В ответ на призыв женщин он произнёс слова о смерти мальчика Ёортона, разделся догола, скомкал одежду и кинул её через огонь. Лёгкий, подбитый птичьим пухом жанч развернулся в воздухе, смешная детская шапочка выпала из рукава и спланировала на угли. Тишину прорезал женский крик. Кричала мать Ёортона.
Если коснуться огня Тэнгэра считалось плохой приметой, то куда хуже было, если загоралась детская одежда. Это не мешало стать её владельцу охотником, ведь он уже не был ребёнком, но жизнь его вряд ли будет долгой. Говорили, что сжегший детскую одежду умрёт прежде, чем увидит своих детей.
"Ну и пусть, – отрешённо подумал Ёортон. – Охотником-то я всё равно стану..."
Он ответил как полагалось на слова охотников и одним движением руки поймал стремительно летящее копьё. Но мысли его были далеко.
"Это всё из-за Хамжиха, из-за того, что костры успели прогореть. Теперь здесь и прыгать-то нечего, любой младенец перепрыгнет. Ничего он мне не остаивл, всё себе забрал".
Держа копьё в поднятой руке, Ёортон шагнул вперёд, прямо в угли.
От костра шёл жар, Ёортон слышал, как терщат, сворачиваясь колечками, волосы на голове, но удивительным образом босые ноги не чувствовали огня. Напротив, казалось, будто он ступил в ручей и идёт по щиколотку в холодной воде, лишь мелкая галька на дне колет подошвы дюжиной дюжин острых иголок. Он шёл сквозь огонь, словно не принадлежал этому миру, как привык ходить вдоль квадратных оройхонов маленькой скучной земли, где он никогда не бывал, и где ничто не могло причинить ему вреда. Он, не торопясь пересёк раскалённую полосу, вышел на траву и остановился напротив отца. Один из охотников протянул ему новую одежду.
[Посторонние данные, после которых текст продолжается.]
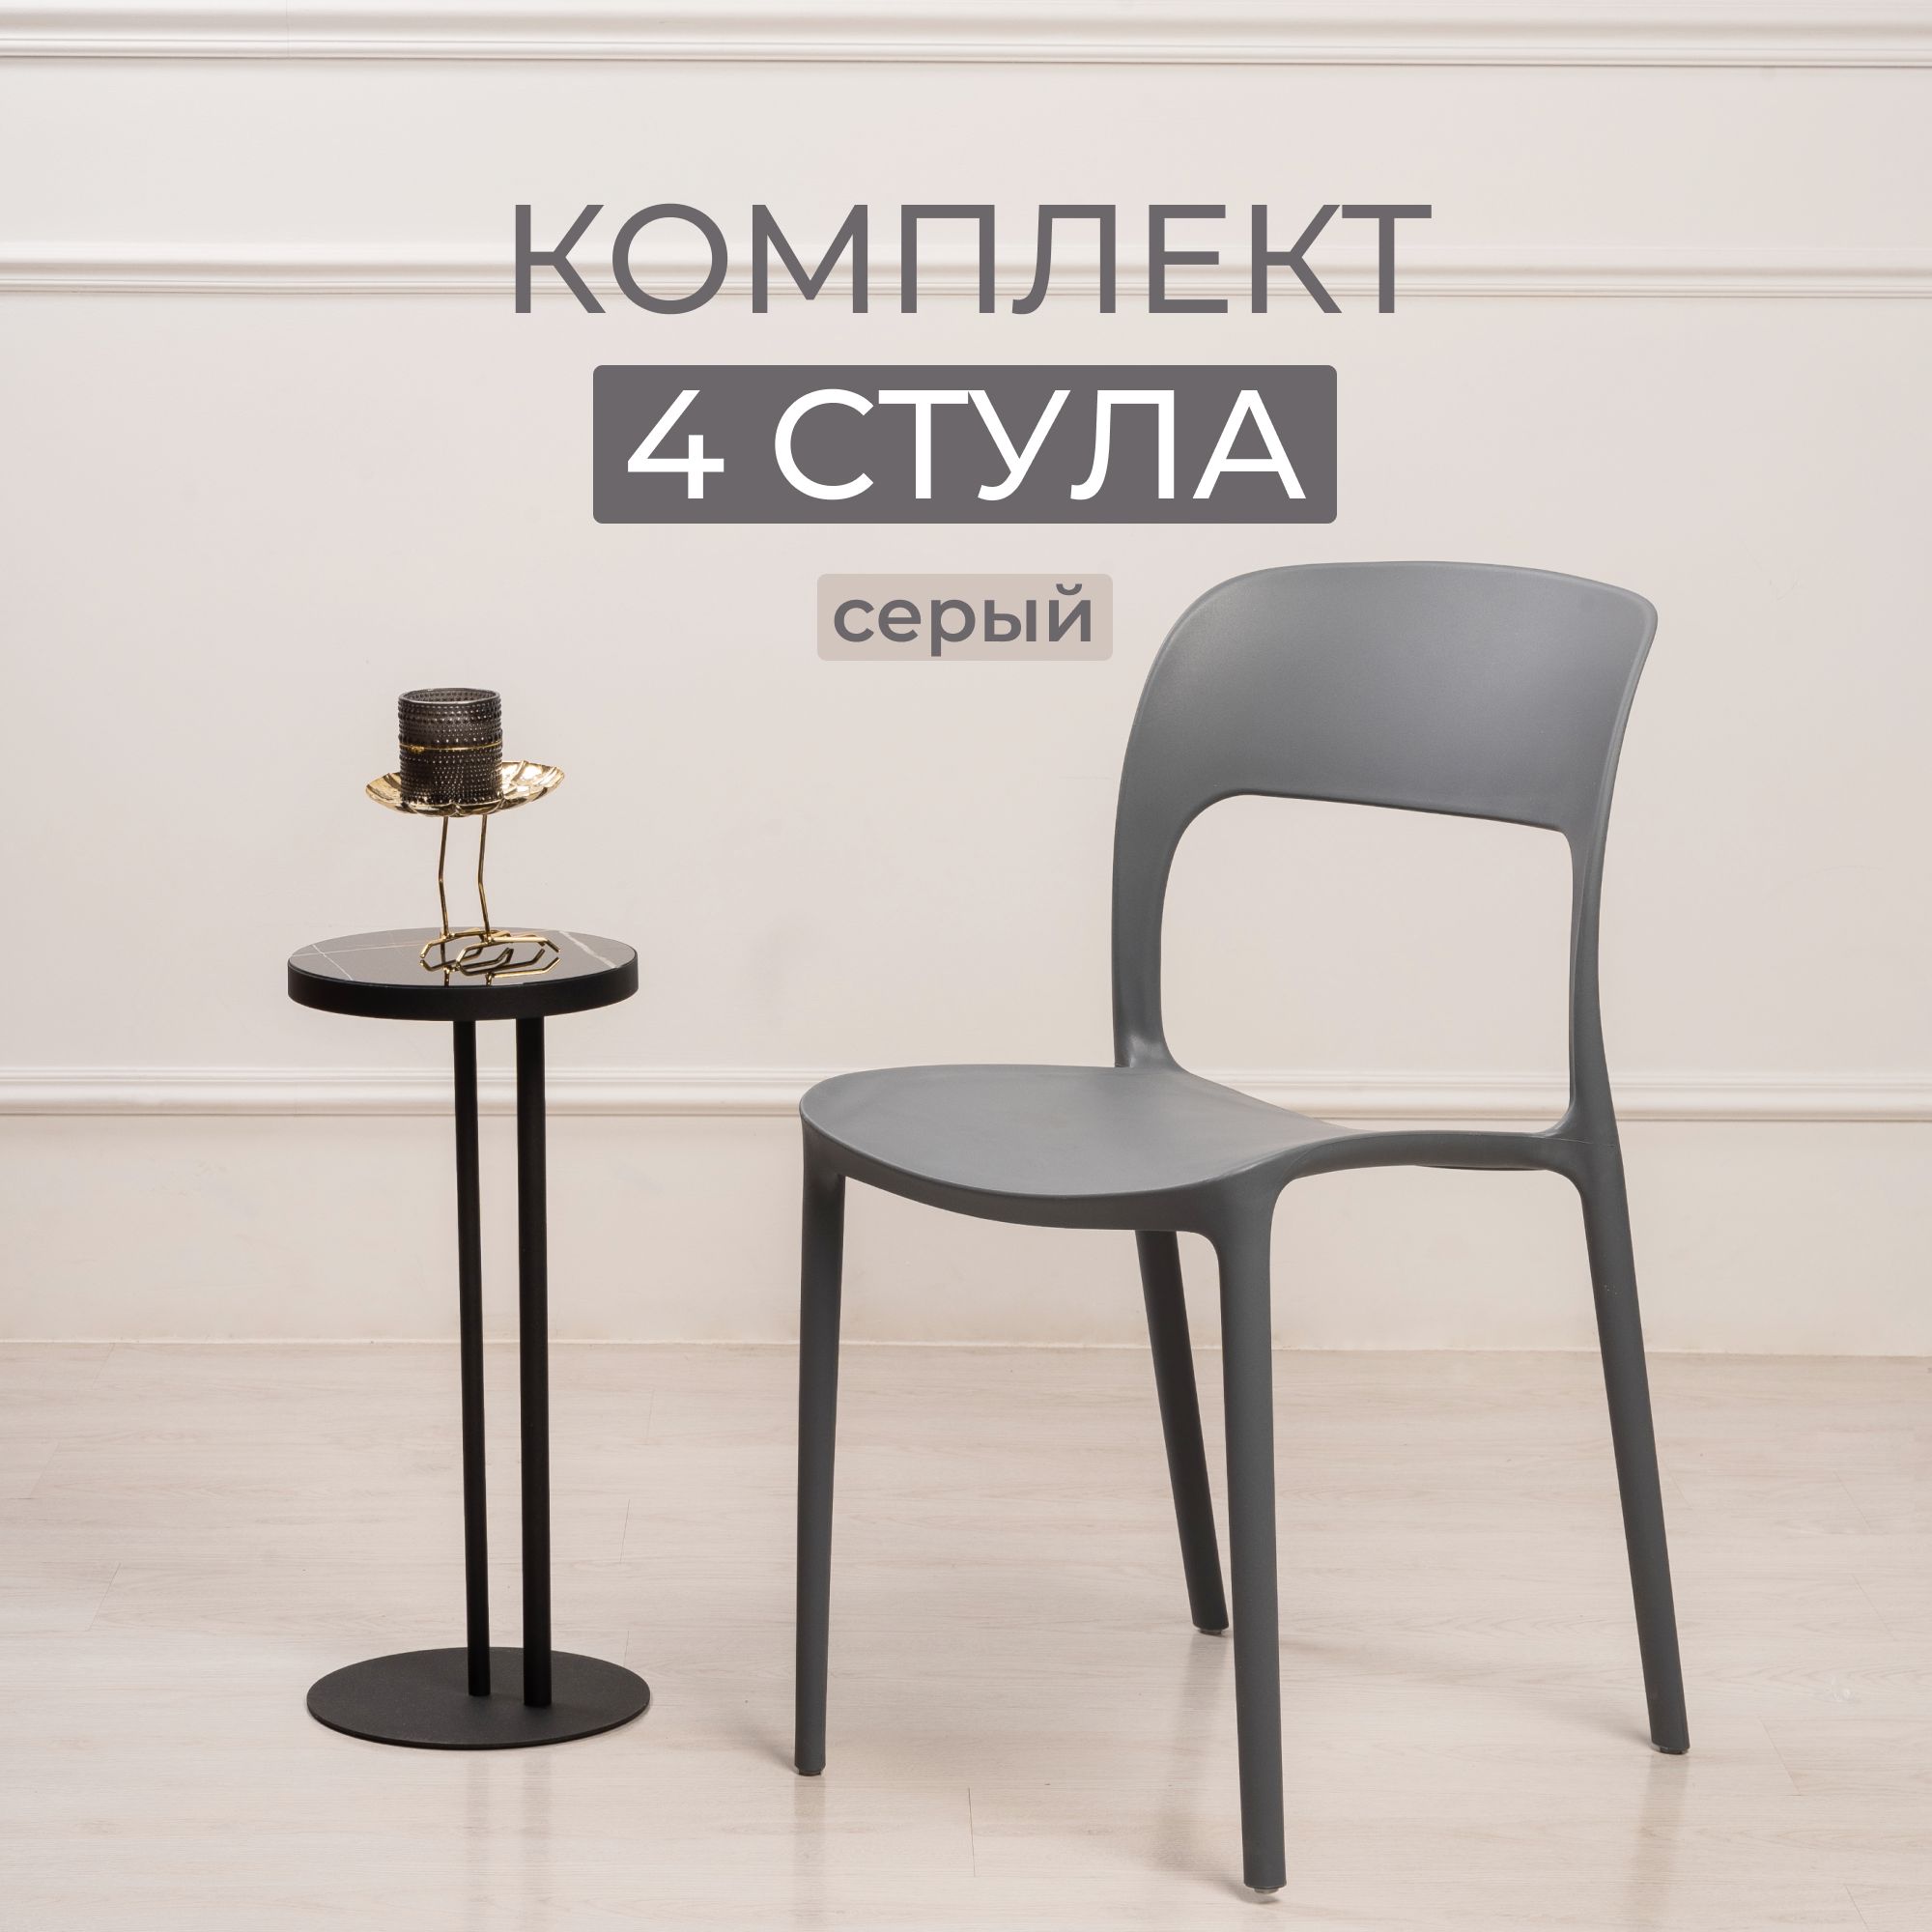 Комплект стульев для кухни, столовой и улицы из 4 шт STEPP ECLIPSE PP0003G4 серый

Прежде чем Ёортон натянул буйи, старый охотник Каайтал наклонился и провёл ладонью по ногам Ёортона.
– Бессмертные боги! – воскликнул он. – Пламя Ёроол-Гуя не смогло обжечь этого парня, а Тэнгэр... вы сами видели, как тянулся к нему вечный старик. Парень, у тебя будет непростая судьба!
– Хватит болтать! – прервал охотника отец. – Несите жертвы многозаботливому Ёроол-Гую!
* * *
Через несколько дней охотничья ватага уходила на границу степи добывать авхая. Этот осторожный и удивительно быстрый зверь обитал в степи, но в конце лета, когда солнце выжигало степную траву, появлялся на окраинах леса, и тогда его можно было взять.
Бабушка при упоминании об авхае обязательно говорила, что настоящий авхай вовсе не такой, у него и ног-то не было, жил он в далайне и плавал быстро, как... авхай. Теперь далайна нет, так и старые авхаи исчезли вместе с ним. А новых зверей так назвали, потому что бегают здорово, ну, и чтобы хорошее слово не пропаддало. А то все говорят: "Мчится, как испуганный авхай", – а что за авхай – никто не знает.
Отец не возражал против этих измышлений, только иногда говорил недовольно:
– Ты сначала его излови, авхая-то, а потом называй как хочешь.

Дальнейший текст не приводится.